▶ **What is being asked**
Exactly as written, print every line of the listing below and omit its pictures.

▶ **Input data**
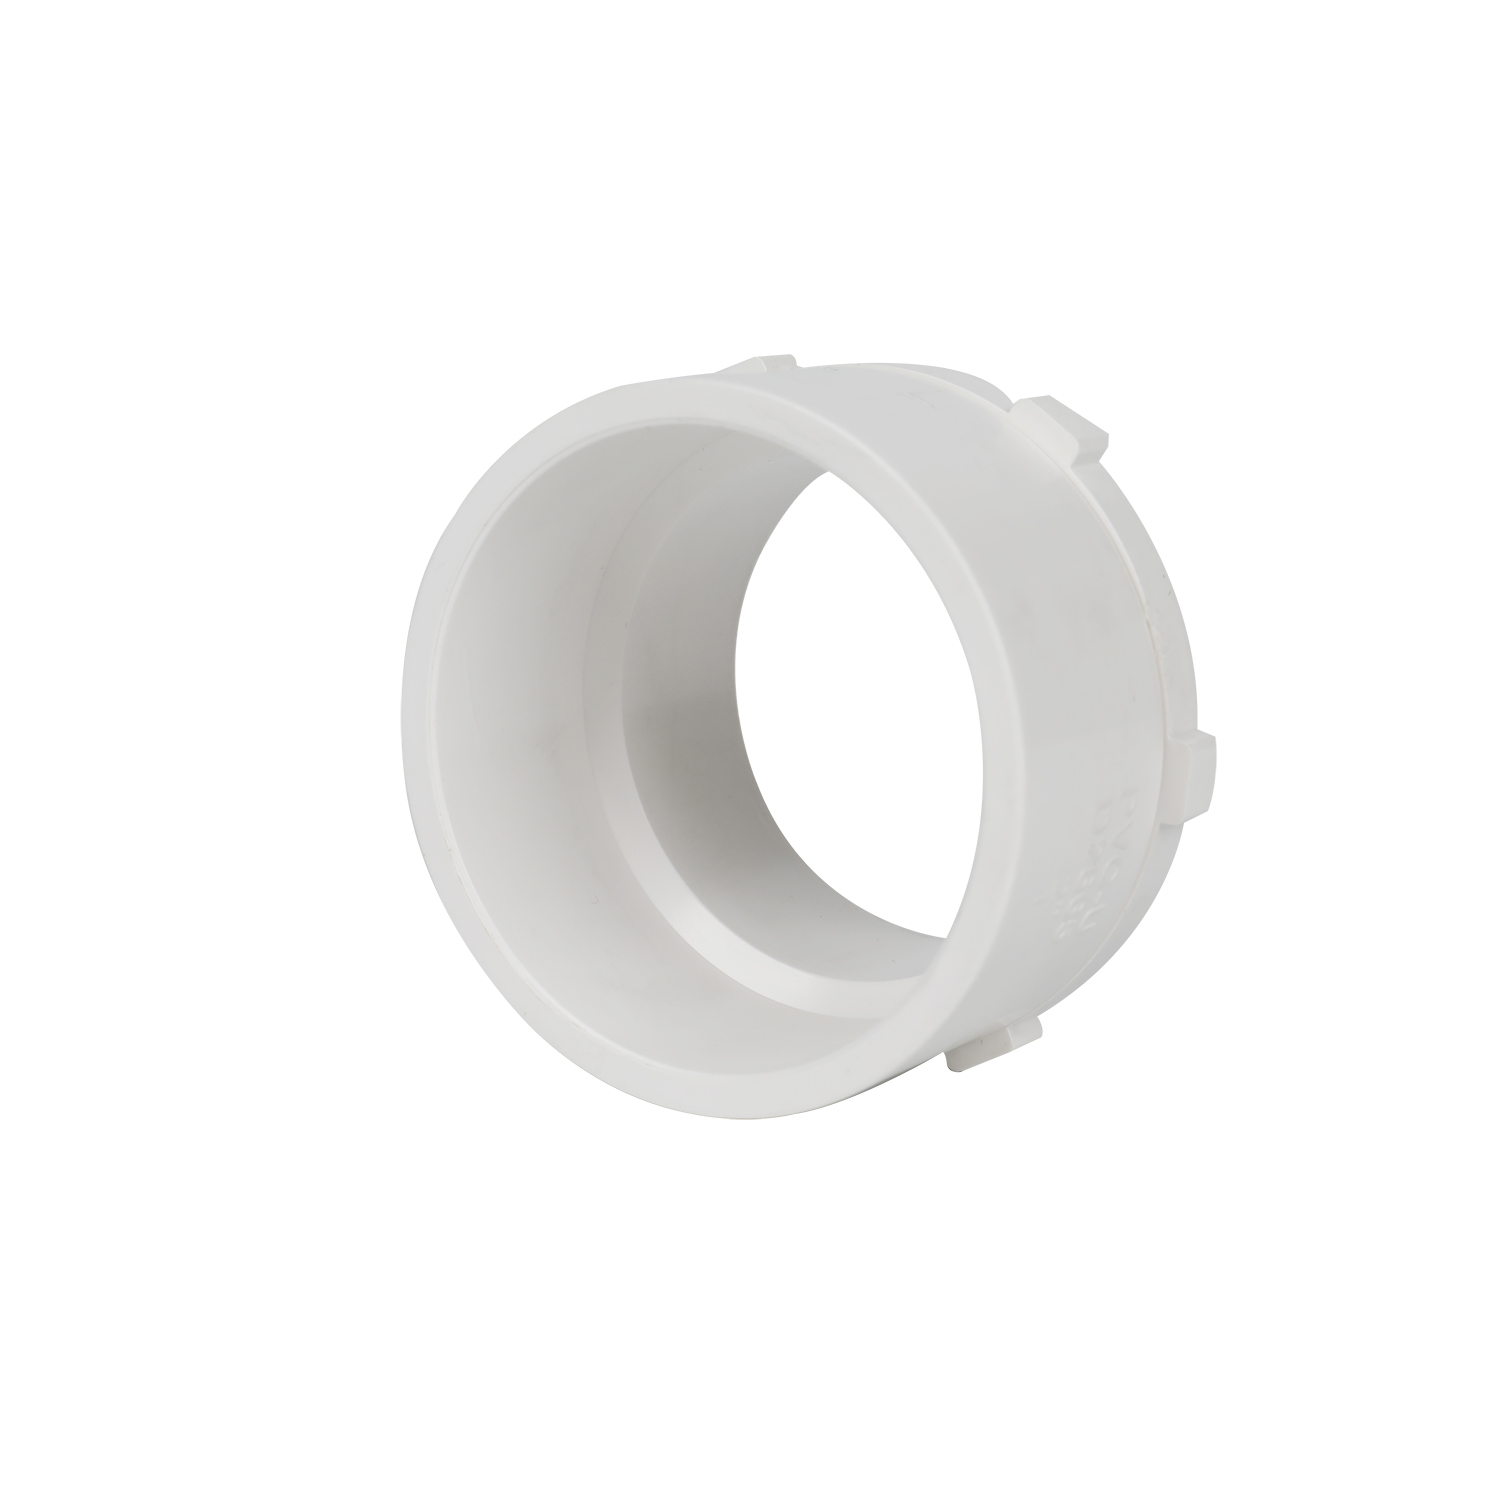 Fábrica al por mayor de alta calidad PVC tubo de plumbar accesorios Fabricantes de plástico 2 PVC Tubo de agua adaptador masculino
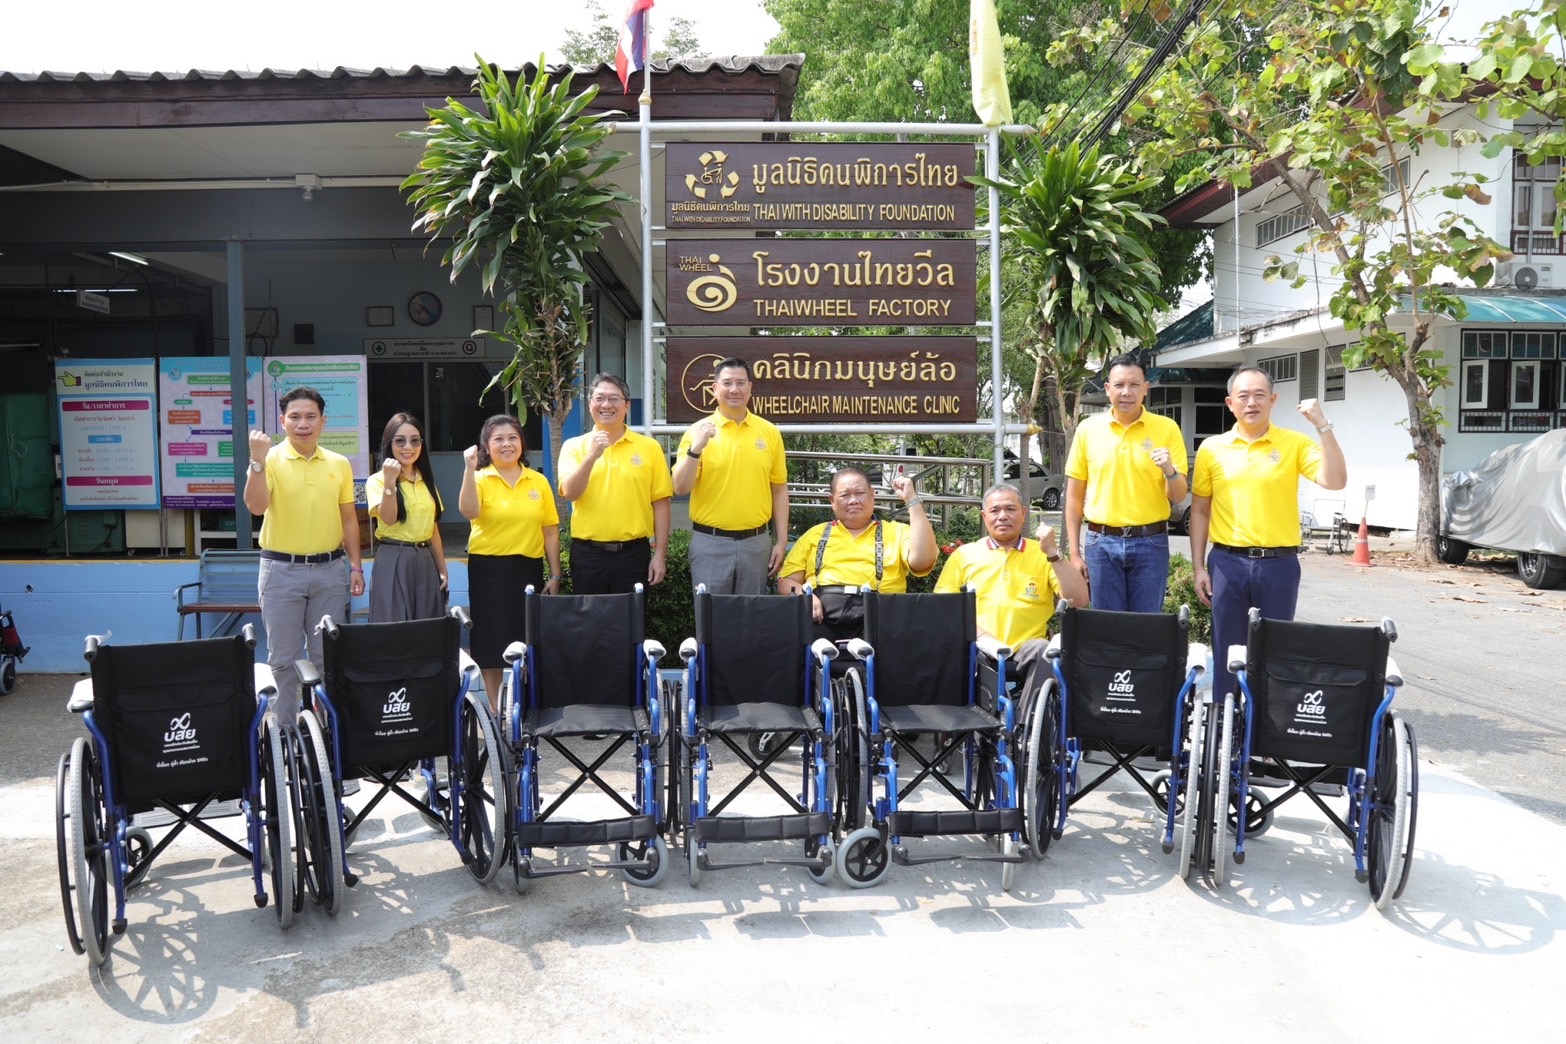 อุดรธานี-จัดกิจกรรม “บสย. ร่วมใจ ทำดี เพื่อสังคม” ครั้งที่ 1 มอบวีลแชร์ ฝีมือคนพิการ มูลนิธิคนพิการไทย
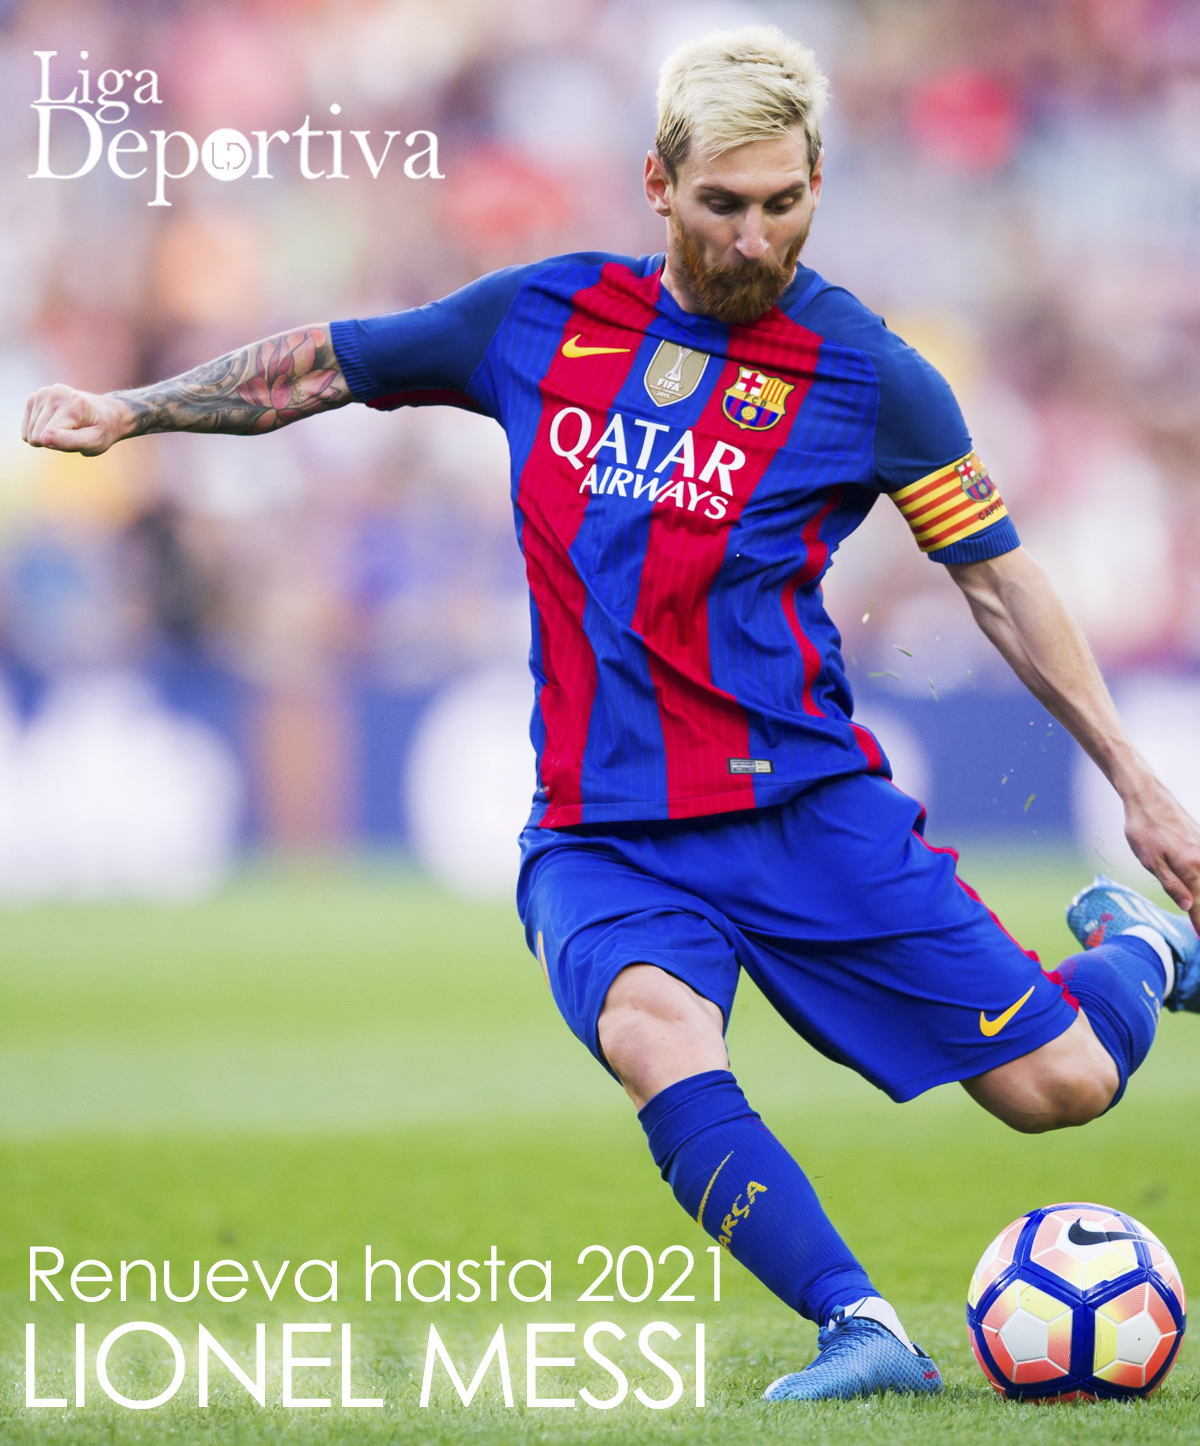 Lionel Messi renueva contrato hasta 2021 con el FC Barcelona 
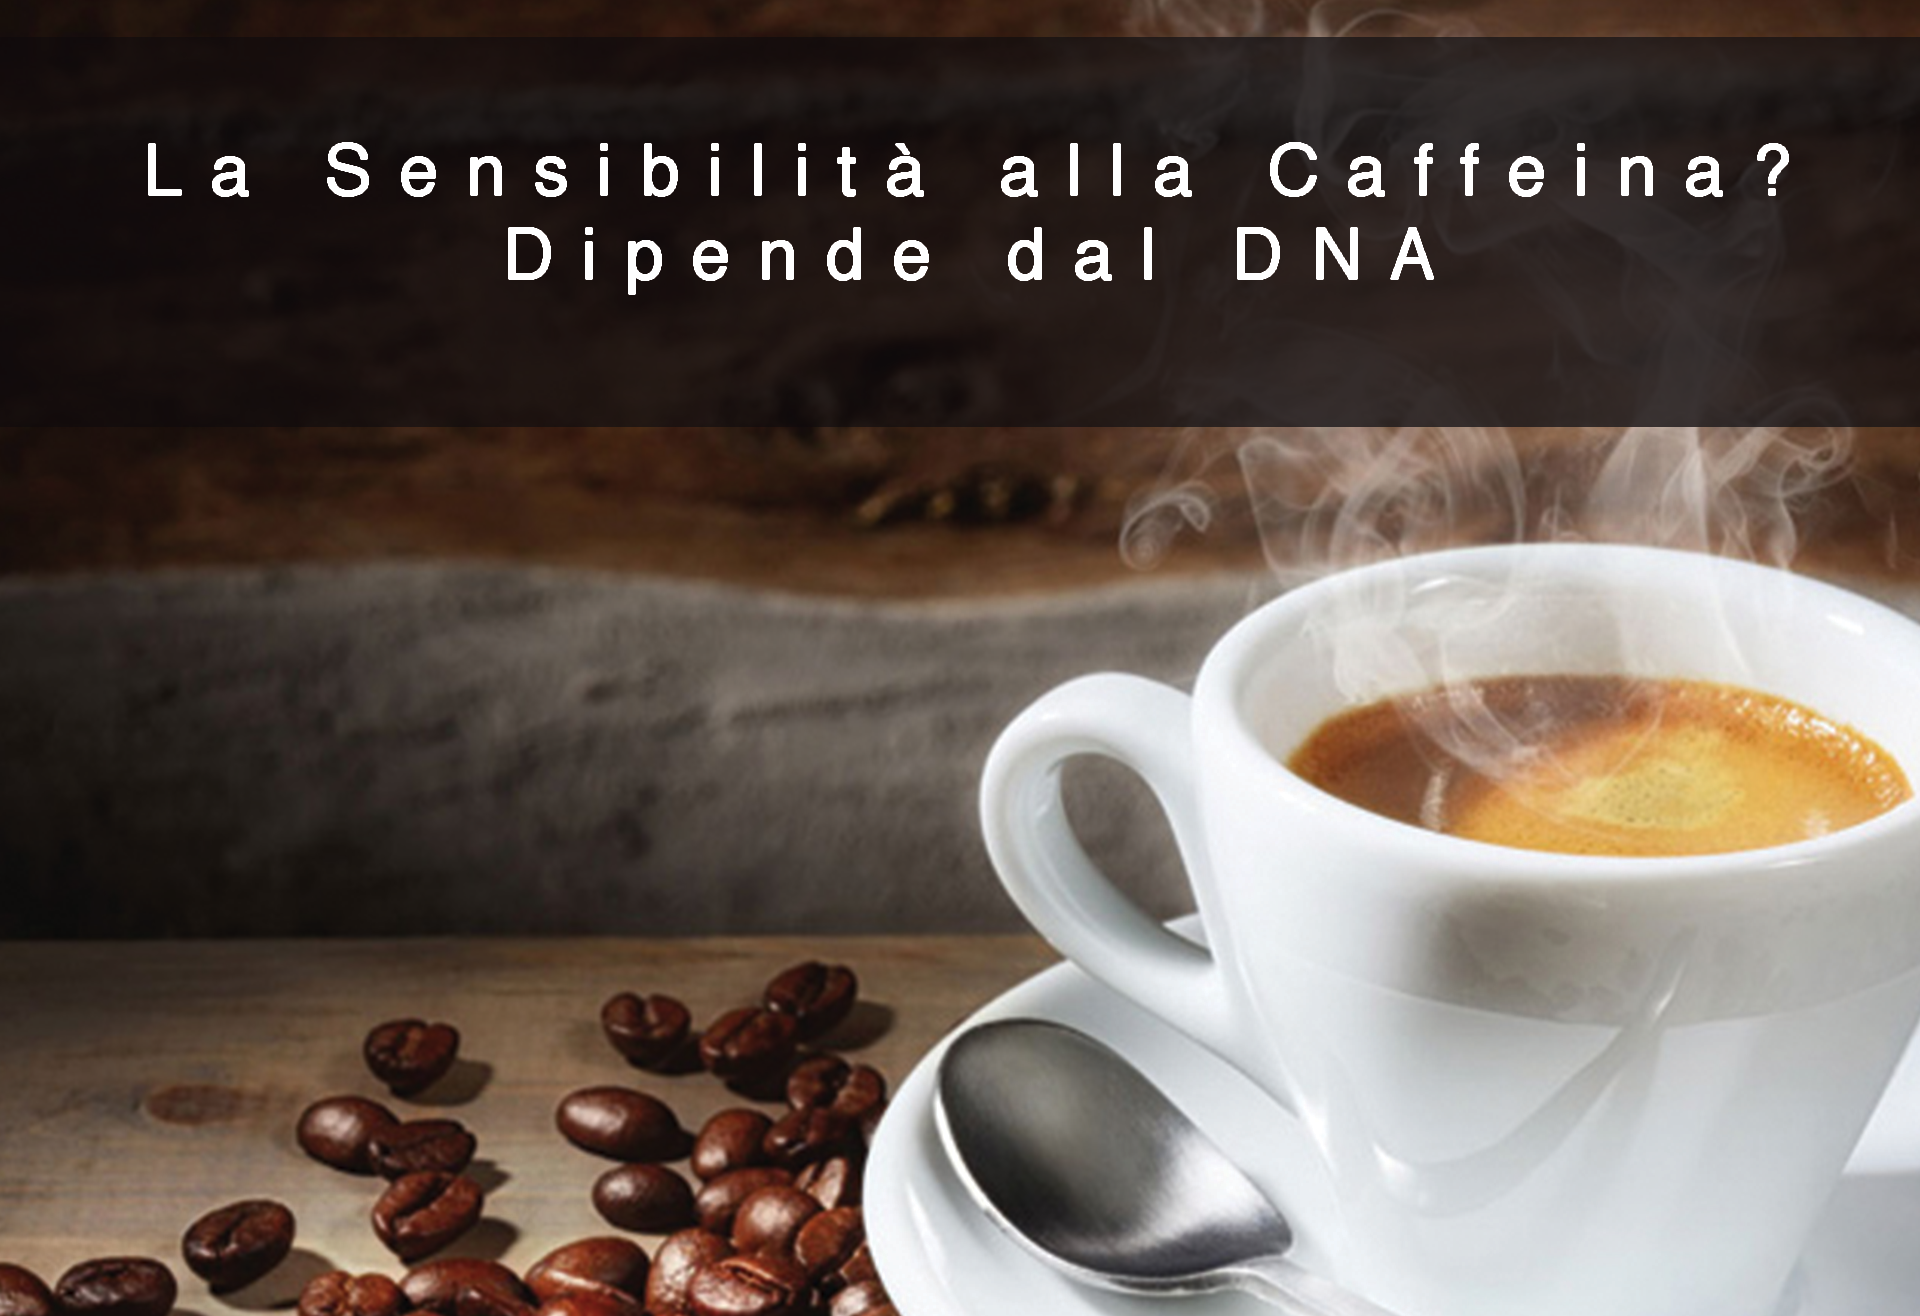 La Sensibilità alla Caffeina? Dipende dal DNA

▶ **Expected answer**
 Fábrica al por mayor de alta calidad PVC tubo de plumbar accesorios Fabricantes de plástico 2 PVC Tubo de agua adaptador masculino
 อุดรธานี-จัดกิจกรรม “บสย. ร่วมใจ ทำดี เพื่อสังคม” ครั้งที่ 1 มอบวีลแชร์ ฝีมือคนพิการ มูลนิธิคนพิการไทย
 Lionel Messi renueva contrato hasta 2021 con el FC Barcelona 
 La Sensibilità alla Caffeina? Dipende dal DNA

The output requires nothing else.